By the end of this page, you will understand the mathematical definition of a string, the concept of ordering and position, the empty string as a boundary case, and how this logical view enables us to think about string operations before ever writing code.
Before we can reason precisely about strings, we need a formal definition that captures their essential nature. This definition must be independent of any programming language, memory model, or hardware architecture.
Definition: A string is a finite, ordered sequence of symbols drawn from a fixed set called an alphabet.
Let's unpack each component of this definition:
Finite: A string has a definite, countable length. It begins somewhere and ends somewhere. There's no such thing as an infinite string in practical computing.
Ordered: The position of each symbol matters. The string "abc" is fundamentally different from "cab" or "bac", even though they contain the same symbols.
Sequence: Symbols appear one after another in a line. Unlike a set (which has no order) or a bag (which allows duplicates but has no order), a sequence preserves both duplication and position.
Symbols from an alphabet: Every symbol in a string comes from a predefined collection. In computing, this is typically the set of characters a system can represent—ASCII characters, Unicode code points, or some subset thereof.
This mathematical formalism isn't academic pedantry. It's the foundation that allows us to prove properties about string algorithms, understand their complexity, and transfer knowledge across languages. When you know what a string is, you can reason about what operations should be possible.
Example:
Consider the string "hello". Under our formal definition:
This same formal structure applies whether you're dealing with "hello" in Python, "hello" in Java, or "hello" in Haskell. The underlying abstraction is universal.
The property of order is what fundamentally distinguishes sequences (and hence strings) from other collections. This ordering has profound implications for both the meaning of strings and the operations we can perform on them.
Order creates identity:
In a set, {a, b, c} and {c, b, a} are identical—sets don't care about order. But the strings "abc" and "cba" are completely different entities. They may contain the same characters, but they represent different sequences of symbols.
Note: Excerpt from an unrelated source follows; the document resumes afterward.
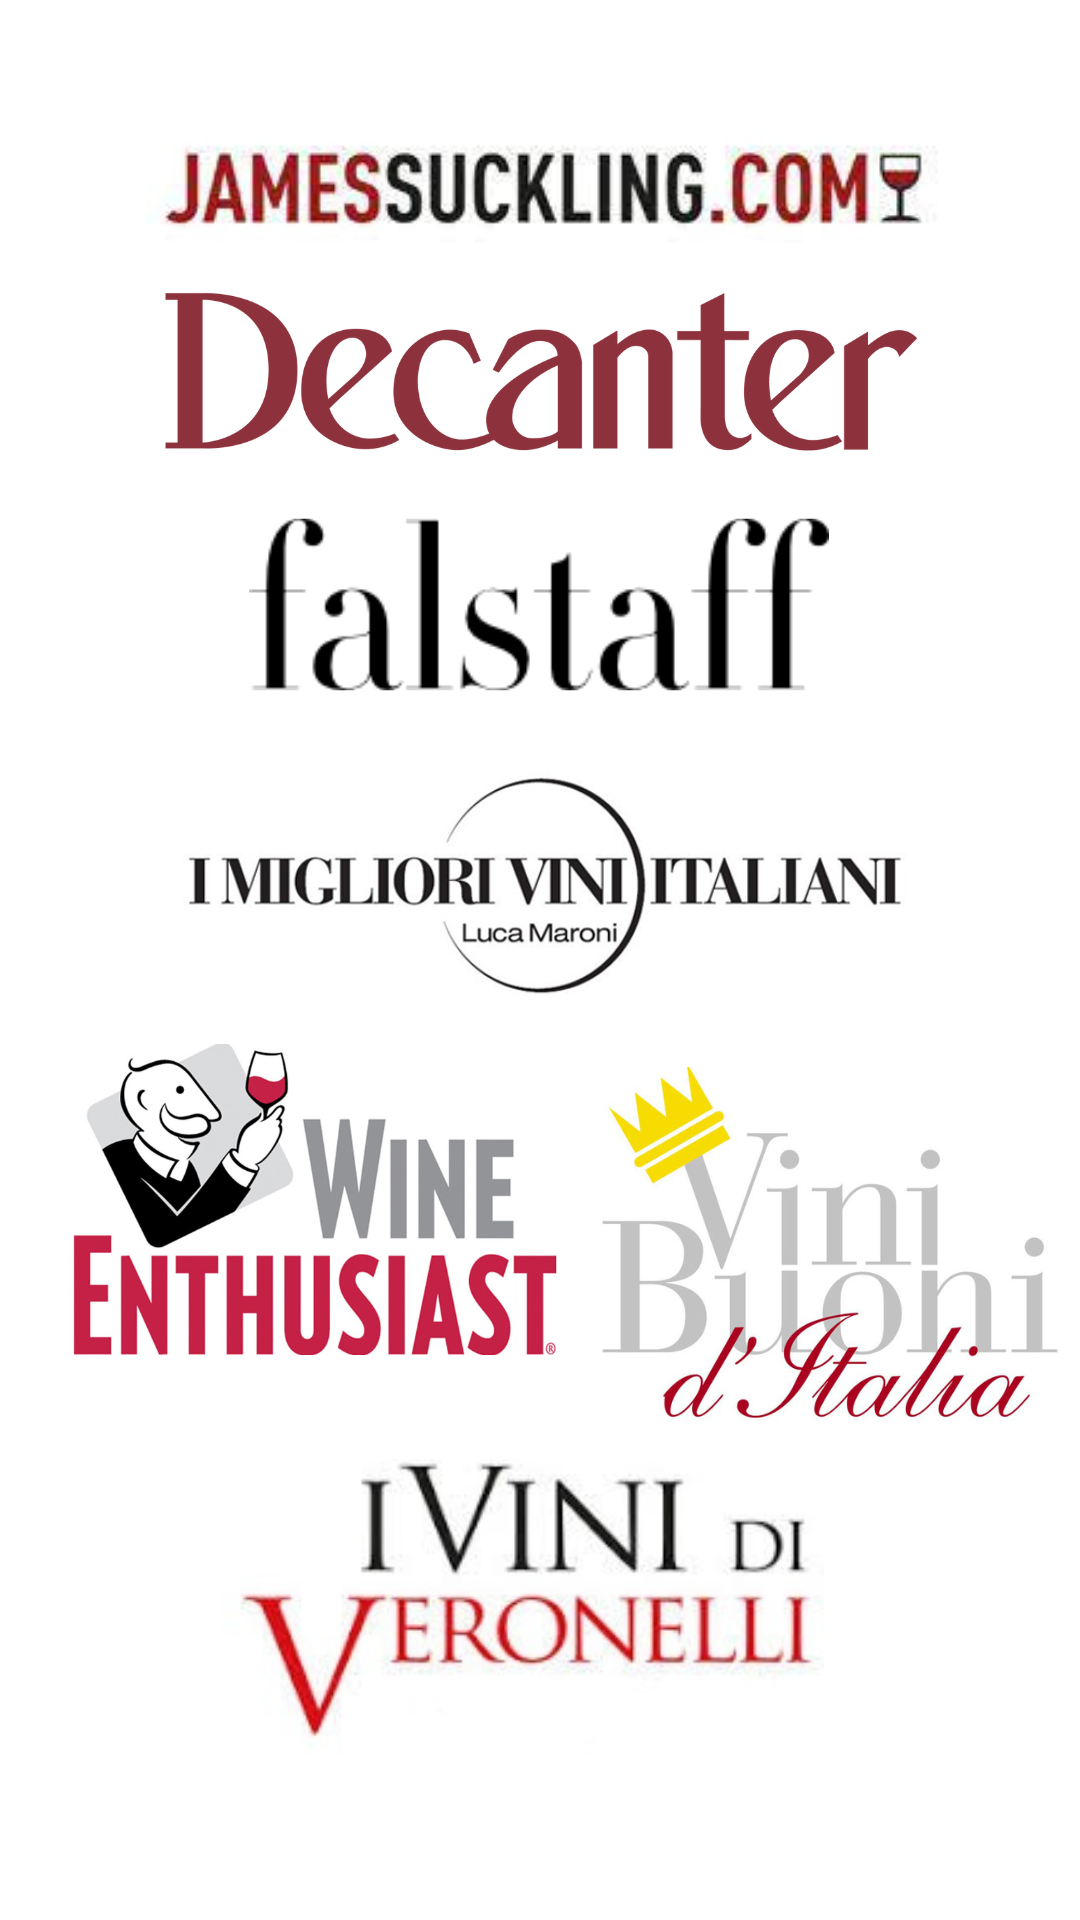 Our wines awarded by the press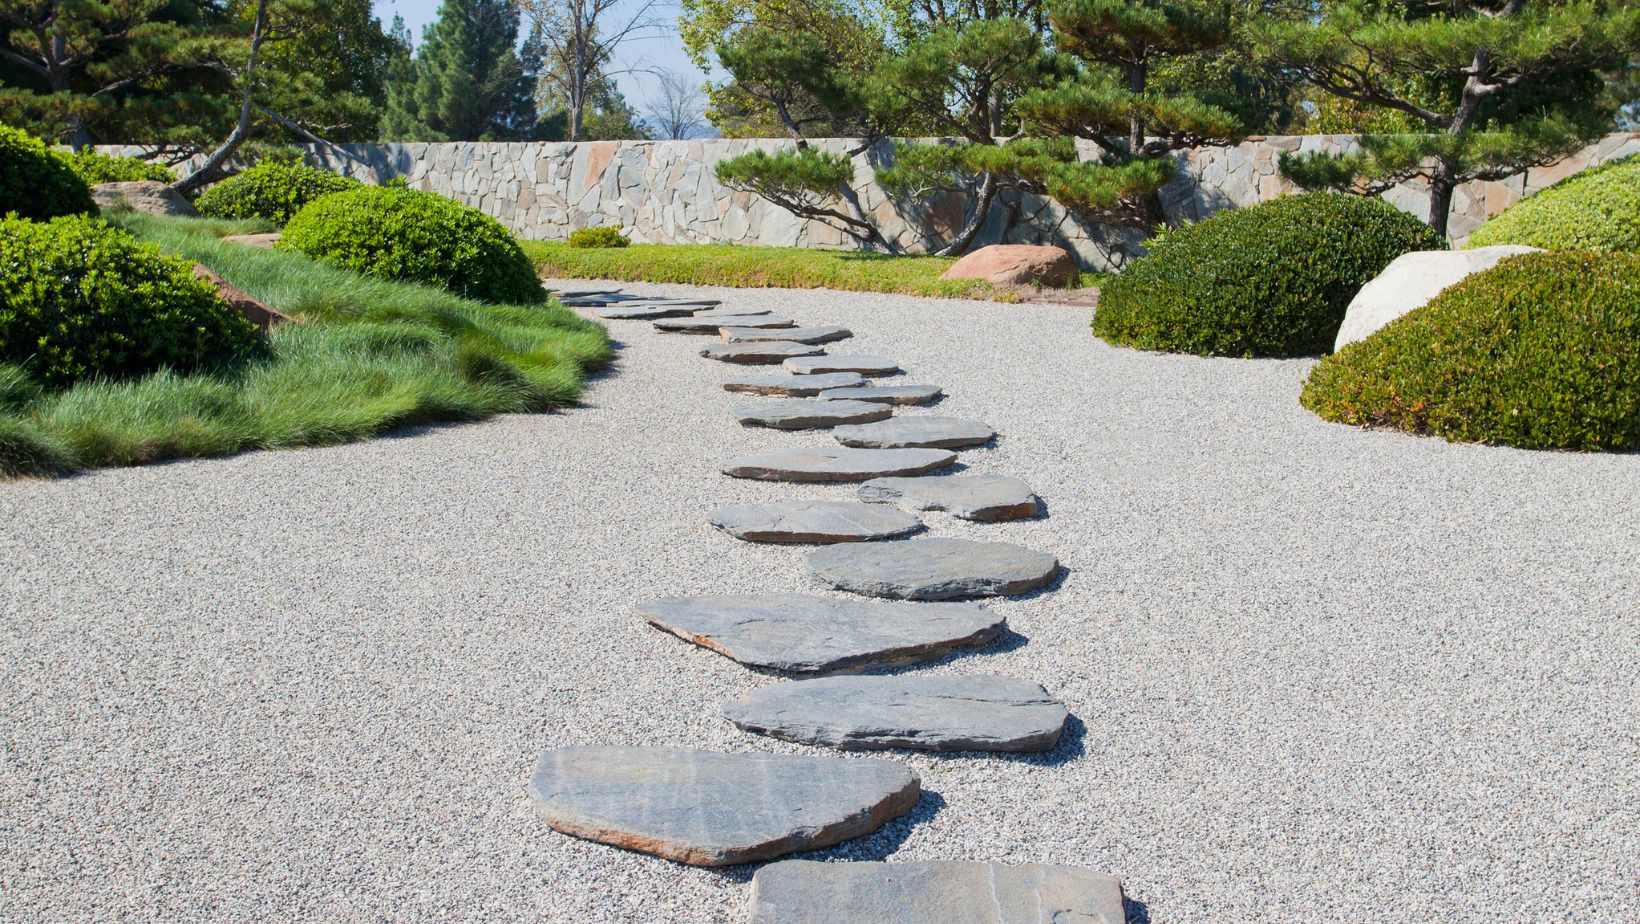 Stone and pebble pathway with garden

This matters because text has inherent linear structure. The word "stressed" is meaningfully different from "desserts" (its reverse), even though they're anagrams. The order of characters carries semantic information.
| Property | Set | Sequence (String) |
|---|---|---|
| Order matters | No | Yes |
| Duplicates allowed | No | Yes |
| {a, a, b} vs {a, b} | Identical | Different ("aab" ≠ "ab") |
| {a, b, c} vs {c, b, a} | Identical | Different ("abc" ≠ "cba") |
| Position concept | Not applicable | Each element has a position |
| Access pattern | Membership test | Index-based retrieval |
Order enables position-based operations:
Because strings are ordered, every character occupies a specific position (also called an index). This unlocks a rich set of operations:
Without the concept of order, none of these operations would be meaningful. You couldn't ask "what's the third character?" in a set—there is no 'third' in a set.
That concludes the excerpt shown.